QCOM Insider Notice: 150,000 Shares Planned Sale Worth $24.8M
Rhea-AI Filing Summary
Form 144 filed for Qualcomm Inc. (QCOM) reporting a proposed sale of 150,000 common shares through Merrill Lynch (La Jolla, CA) with an approximate sale date of 10/01/2025. The filing lists an aggregate market value of $24,834,000 and shows 1,079,000,000 shares outstanding. The securities to be sold were acquired primarily through equity compensation: multiple PSU and RSU vesting events (largest listed: 66,068 on 12/05/2022, 32,430 on 12/13/2023, 28,214 on 12/06/2021) and several ESPP purchases between 07/2021 and 01/2023. The filer reports no securities sold in the past three months.
Positive
- Detailed acquisition history provided showing origin of shares (PSU/RSU vests and ESPP purchases)
- Broker identified (Merrill Lynch) and an approximate sale date specified (10/01/2025)

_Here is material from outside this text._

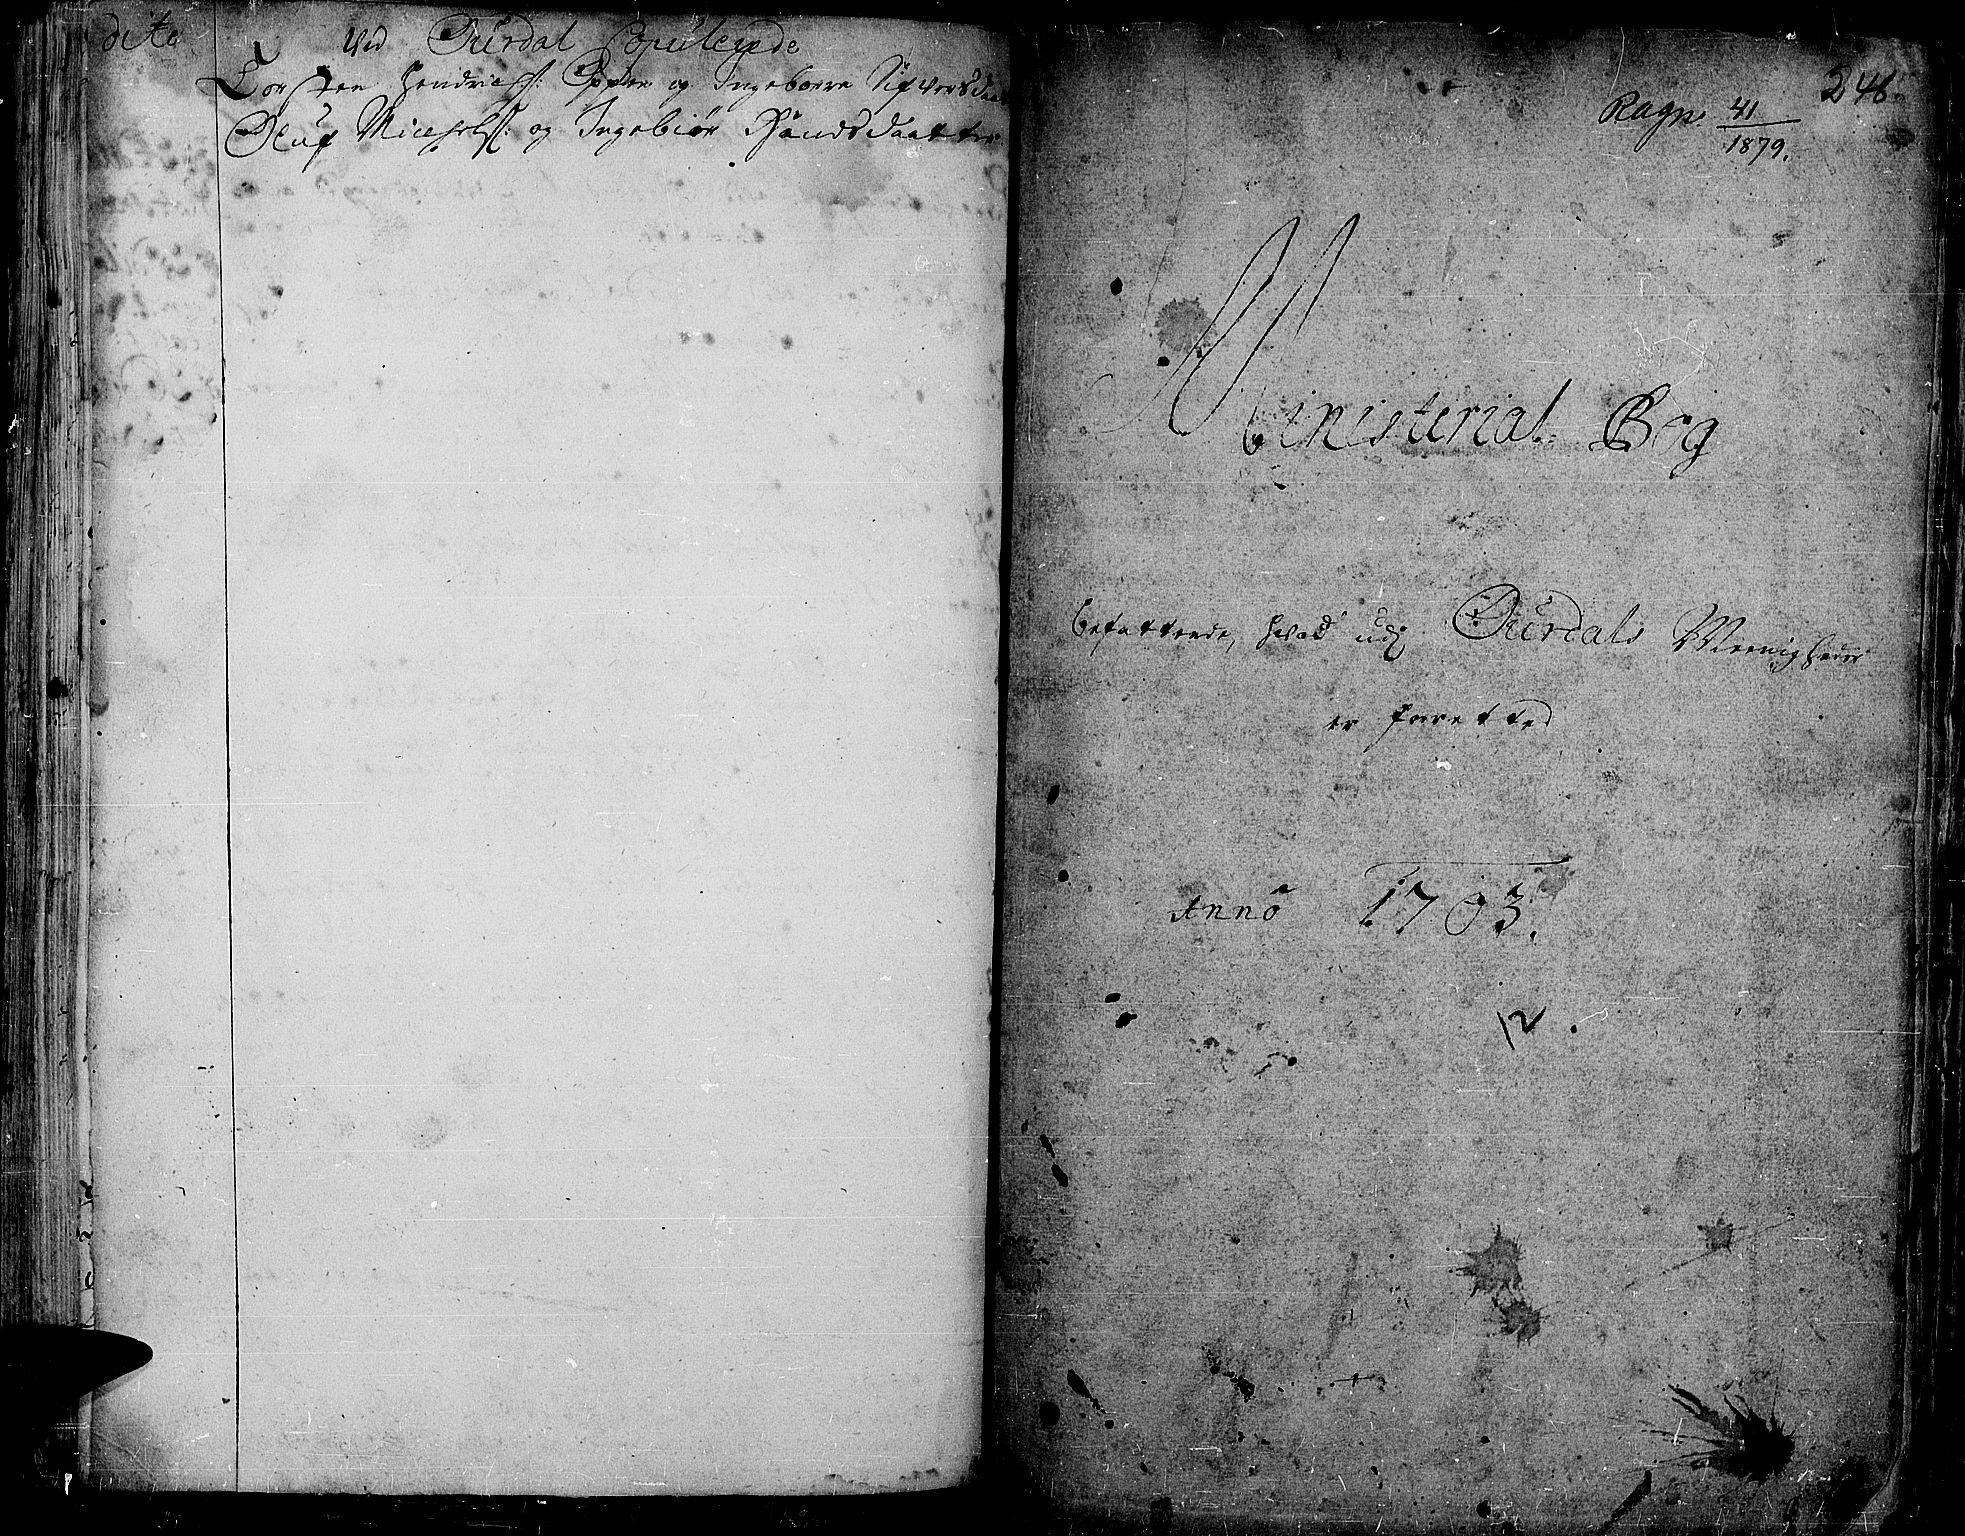 SAH, Aurdal prestekontor, Ministerialbok nr. 1-3, 1692-1730, s. 248

- No securities sold in past three months reported, clarifying aggregation compliance
Negative
- Large aggregate market value of the proposed sale: $24,834,000
- Proposed sale size documented (150,000 shares) which could be material to observers
Insights
TL;DR: Notice of proposed sale of 150,000 QCOM shares worth $24.8M, sourced mostly from vested equity awards.
The filing is a routine Rule 144 notice documenting an insider's planned sale of 150,000 common shares using Merrill Lynch as broker, with an indicated sale date of 10/01/2025. The shares were acquired through standard compensation mechanisms (PSU/RSU vests and ESPP purchases) across 2021–2023. The filing discloses an aggregate market value of $24,834,000 against 1,079,000,000 shares outstanding. No sales in the prior three months are reported, which is a relevant compliance detail for timing and aggregation rules.
TL;DR: This is a compliance-focused disclosure showing planned disposition of equity awards; timing and source of shares are clearly documented.
The notice specifies acquisition methods (PSU vest, RSU vest, ESPP) with exact dates and share amounts, supporting transparency about the insider's holdings and the origin of the shares to be sold. The filer affirms they are not aware of undisclosed material adverse information. The filing includes broker details and states there were no securities sold in the past three months, meeting Rule 144 reporting elements.